Okay just added some more images..
Note: The fourth image also has the PIP from the TV..

Tim


----------



## Mark Lamutt (Mar 24, 2002)

Yikes! I'll do some research, but it may be a few days.


----------



## buist (Nov 12, 2002)

Mark Lamutt said:


> Yikes! I'll do some research, but it may be a few days.


Thanks Mark! I hope Dish appreciates how much you do for them..

Tim


----------



## Mark Lamutt (Mar 24, 2002)

Oh, they do. Or so I'm told anyway.


----------



## Jim Henderson (Apr 29, 2004)

Could that be caused by a bad video RAM chip?


----------



## Mark Lamutt (Mar 24, 2002)

Tim - I need to know this about your first picture there - does the image on your television screen in the normal area really look that bad, like it's being improperly deinterlaced, or is it just a blurred picture because of the motion on the screen?


----------



## Jim Henderson (Apr 29, 2004)

Tim started this thread on my behalf. The first picture is a result of smearing due to a long exposure. Please take another look at http://www.pogeyrealestate.com/personal/Dish921.htm to see more details.


----------



## Mark Lamutt (Mar 24, 2002)

Jim - in the Problem #1 set of pictures, is the 921 in HD mode when you press the PIP button and see those results, or is the 921 in SD mode? There's a definite problem there either way, but the problem is different depending on your answer.

Your Problem #2 - that's by design. "Normal" AR mode means the picture is unaltered - if the source image is 4x3, it will not fill your 16x9 screen.

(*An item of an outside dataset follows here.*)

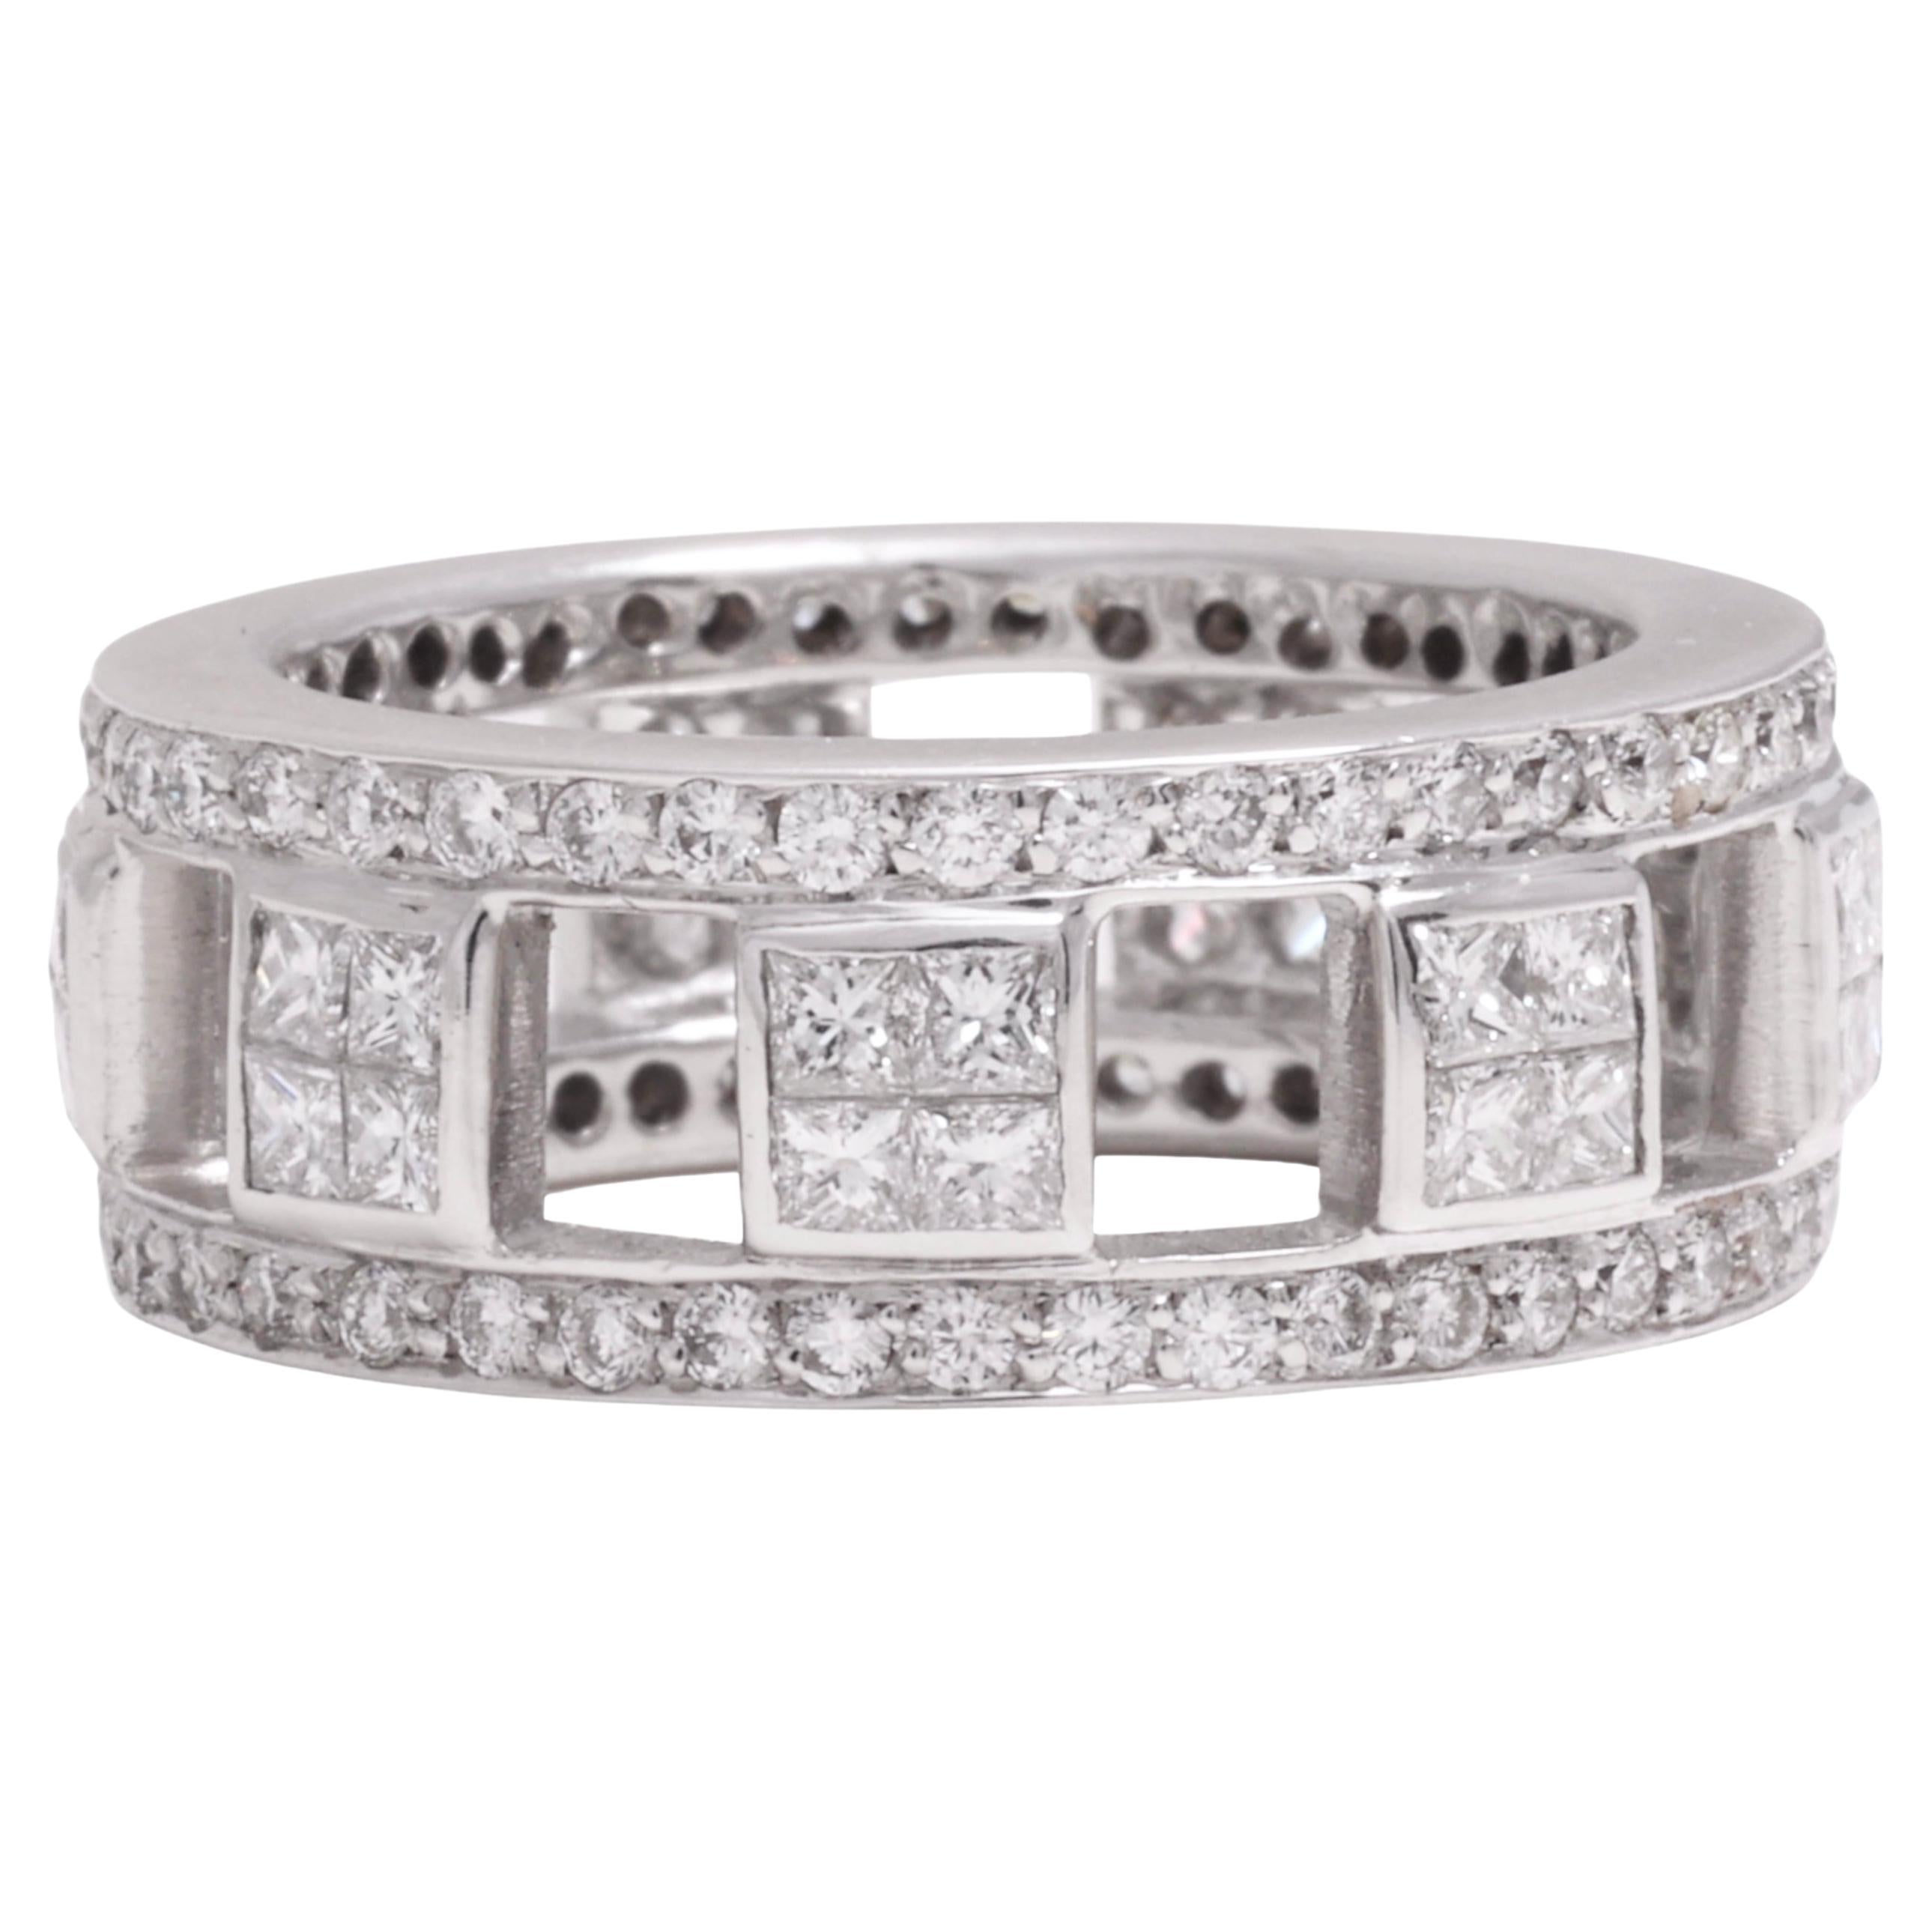 18 kt. White Gold Eternity Ring With 1.92 ct. Princess & Brilliant Cut Diamonds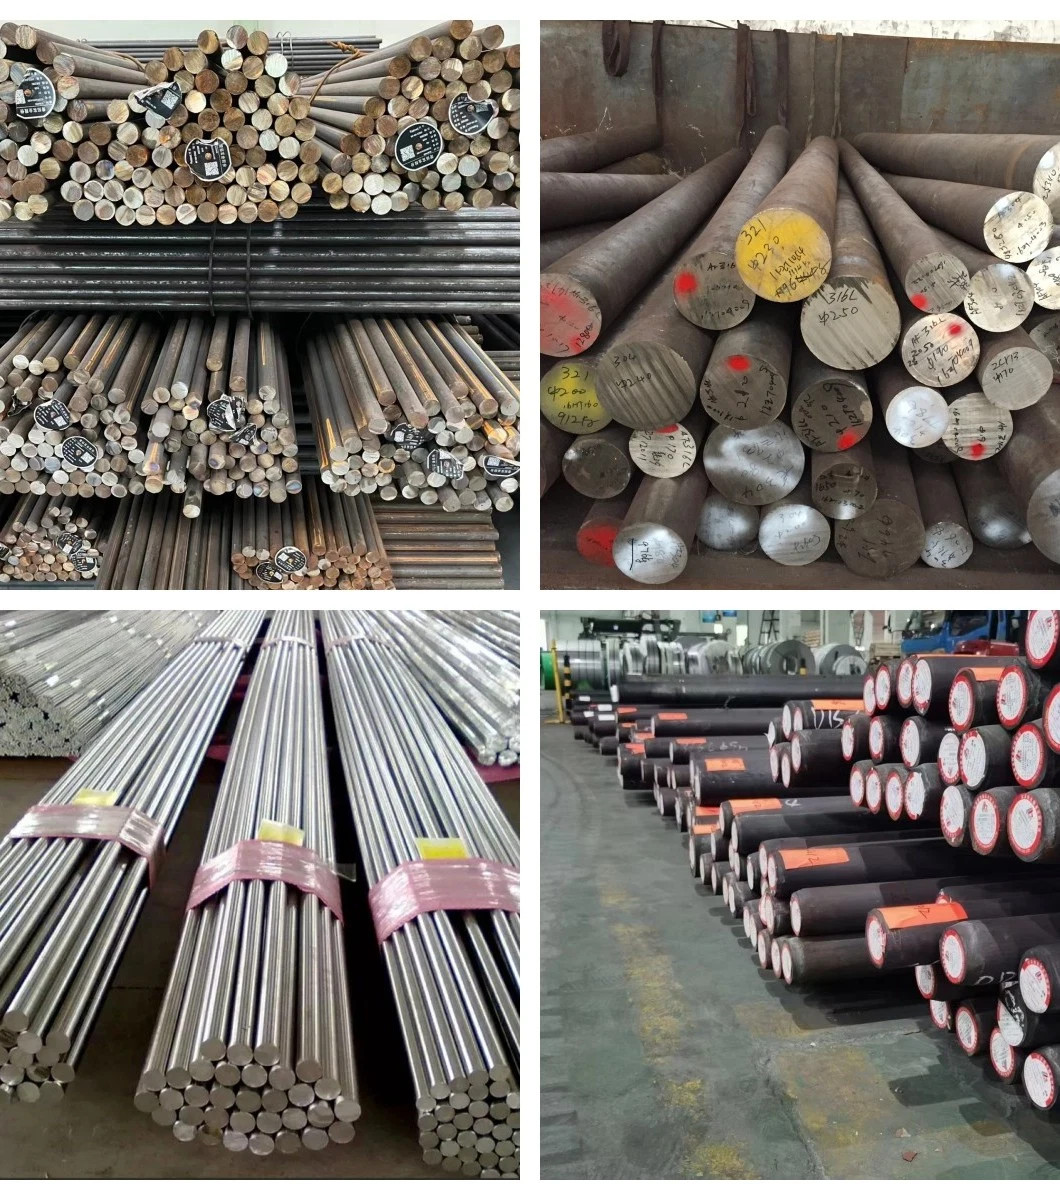 ASTM SUS 5mm, 6mm, 10mm, 12mm Metal Rod Polish 304 Stainless Steel Round Bar Price List

If you want the picture to fill the screen, press the * key on the remote to cycle through the other aspect ratios.


----------



## Jim Henderson (Apr 29, 2004)

The problem magically went away a couple days ago and hasn't returned yet. Does that mean they fixed it in software or that the hardware is flakey?


----------



## Mark Lamutt (Mar 24, 2002)

There hasn't been a software fix...did you do a reboot?


----------